While Perl allows us infinite flexibility in how we organize our modules, we choose to stick to the particular set of conventions introduced in this chapter so that everyone deals with modules in a consistent fashion. Let us quickly summarize these conventions:

The following example puts all these techniques and conventions into practice.

7.4.1 Example

Consider a store that sells computers and individual components. Each component has a model number, a price, and a rebate. A customer can buy individual components, but can also put together a custom computer with specific components. The store adds a sales tax to the final price. The objective of this example is to provide the net price on any item you can buy from the store.

We need to account for the facts that a part may consist of other parts, that the sales tax may depend on the type of part and the customer's location, and that we may have to charge for labor to assemble a computer

One useful technique for jump-starting a design is to use case analysis, as propounded by Ivar Jacobson [19]. You look at the interface from the point of view of the user, without worrying about specific objects' attributes. That way, we can understand the objects' interface without worrying about implementation details. Let's say this is how we want to use the system:

$cdrom   = new CDROM   ("Toshiba 5602");

$monitor = new Monitor ("Viewsonic 15GS");
print $monitor->net_price();

$computer = new Computer($monitor, $cdrom); 
print $computer->net_price();

Figure 7.1 shows one way of designing the object model. I have used Rumbaugh's OMT (Object Modeling Technique) notation to depict classes, inheritance hierarchies, and associations between classes. The triangle indicates an is-a relationship, and the line with the 1+ indicates a one-to-many relationship. The computer is-a store item and contains other components (has-a relationship). A CD-ROM or monitor is a component, which in turn is a store item.

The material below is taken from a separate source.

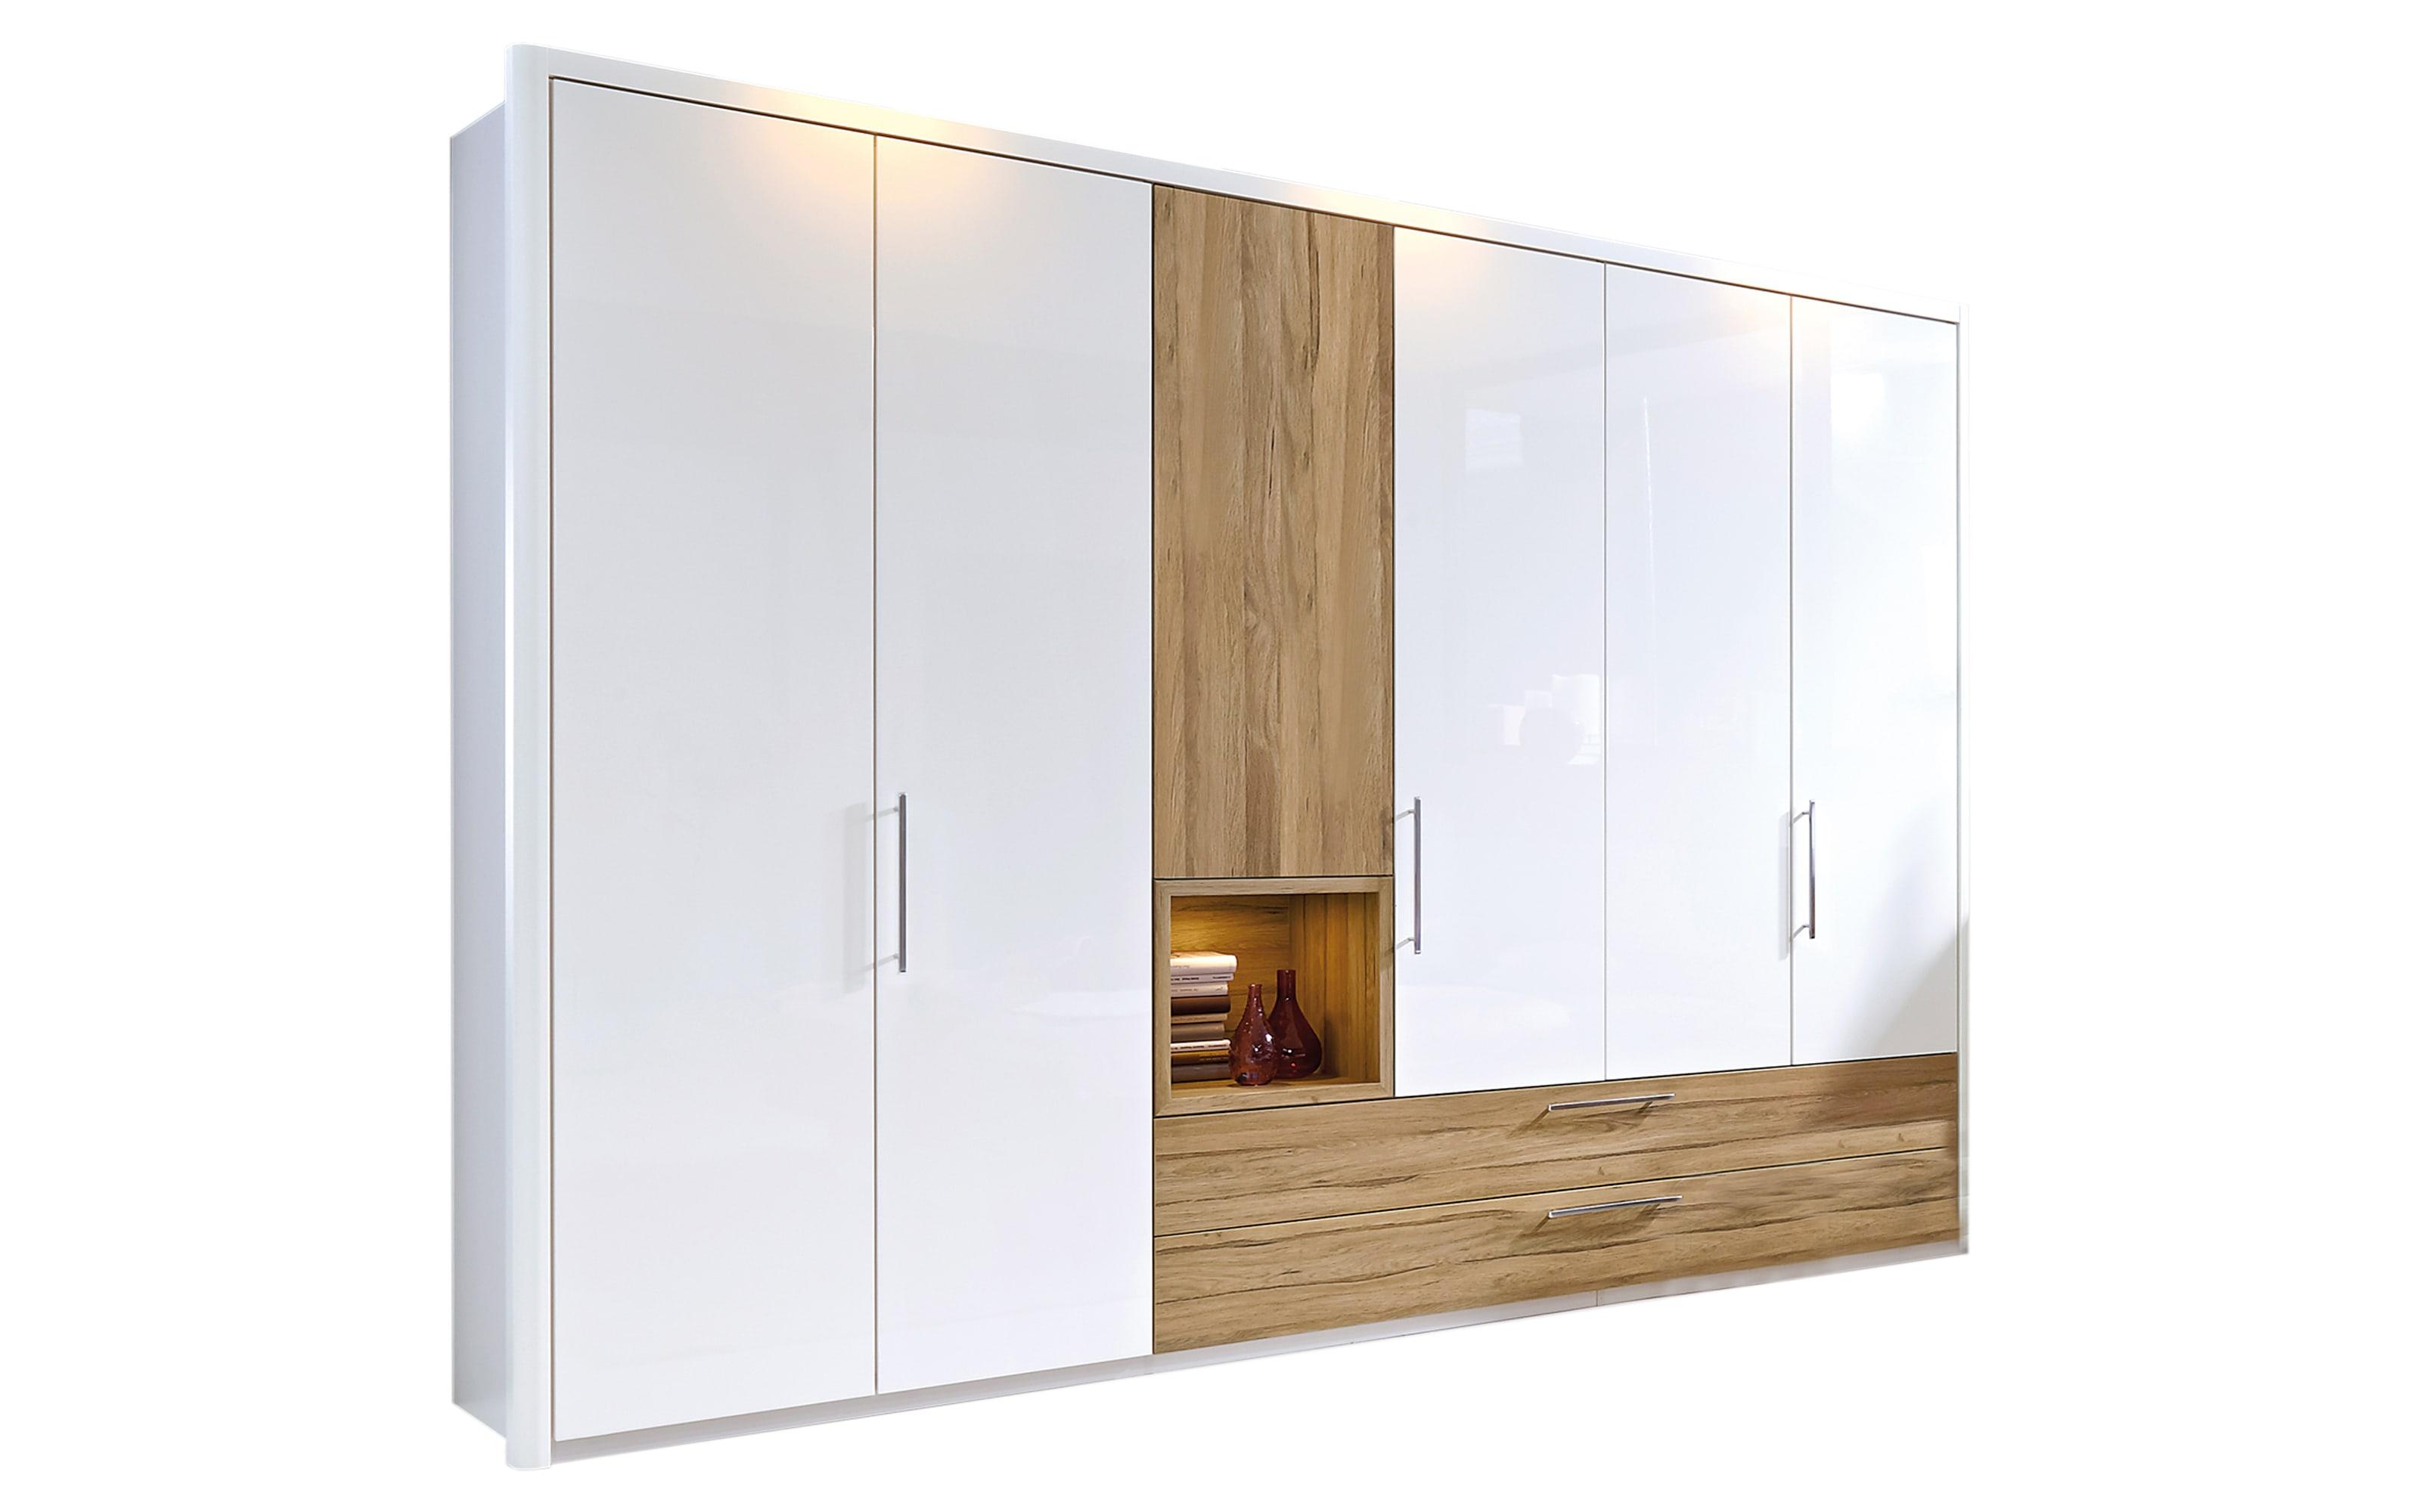 Kleiderschrank Zamaro in bianco weiß Hochglanz/Eiche-Nachbildung, Breite ca. 302 cm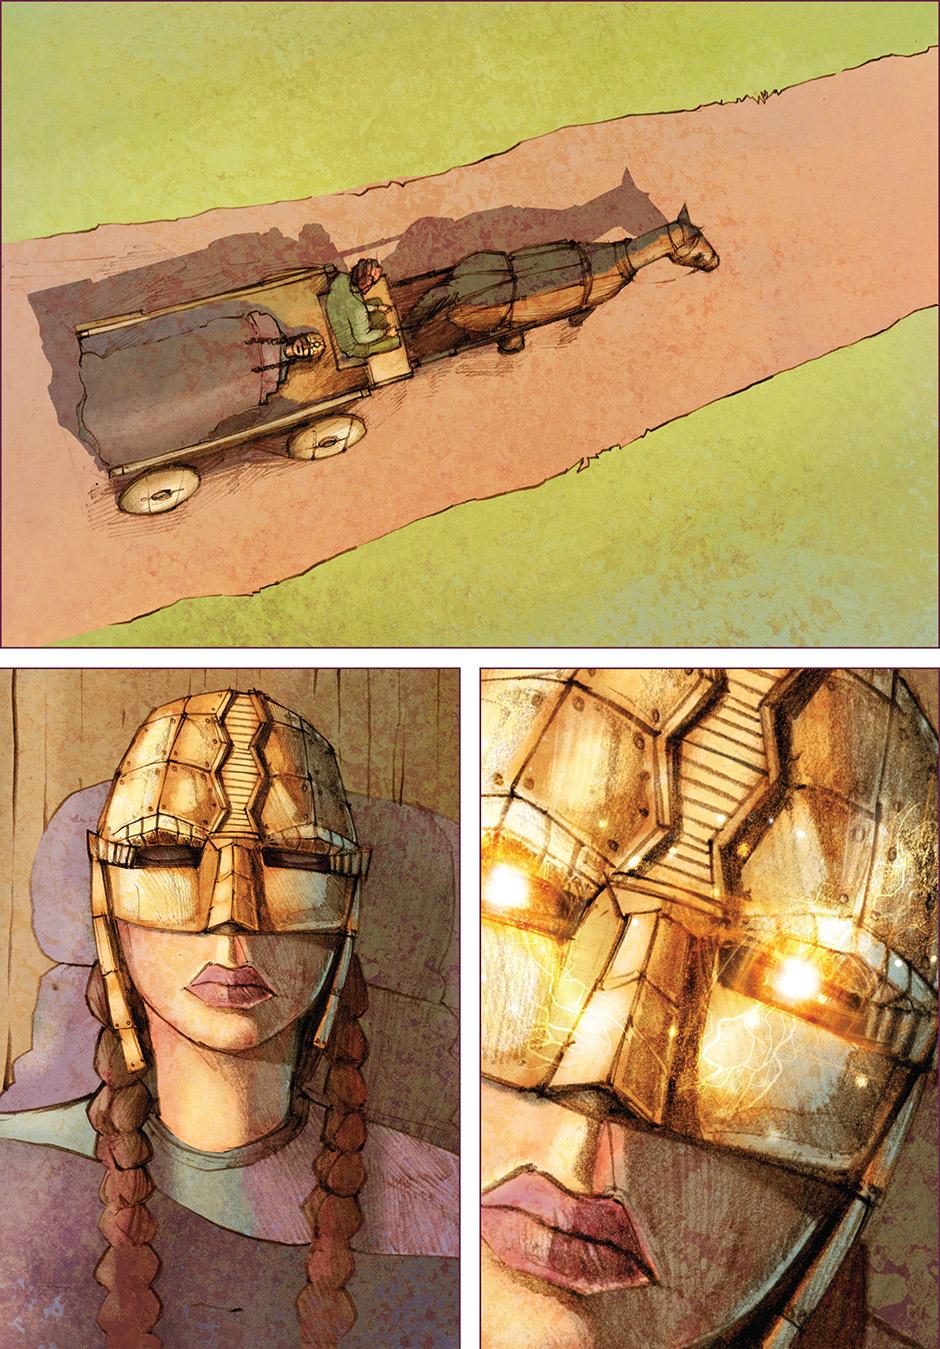 Lian Webcomic - Lian taken away in cart by Wilbur

Figure 7.1: Object model for computer store example

Figure 7.1

All attributes common to all store items are captured in the StoreItem class. To compute the net price of any component, we have to take rebate and sales tax into account. But when assembling components to build a computer, we have to add sales tax only at the end; we can't simply add up all the components' net prices. For this reason, we split the calculation into two: price, which subtracts the rebate from the price, and net_price, which adds on the sales tax. At present, the component classes are empty classes, because their entire functionality is captured by StoreItem. Clearly, if the problem stopped here, this design would be unnecessarily complex; we could have simply had one lookup table for prices and rebates and one function to calculate the prices. But we are designing for change here. We expect it to get fleshed out when we start accounting for taxes by location, dealing with components containing other components, and charging for labor. It is best to adopt a generalized mentality from the very beginning.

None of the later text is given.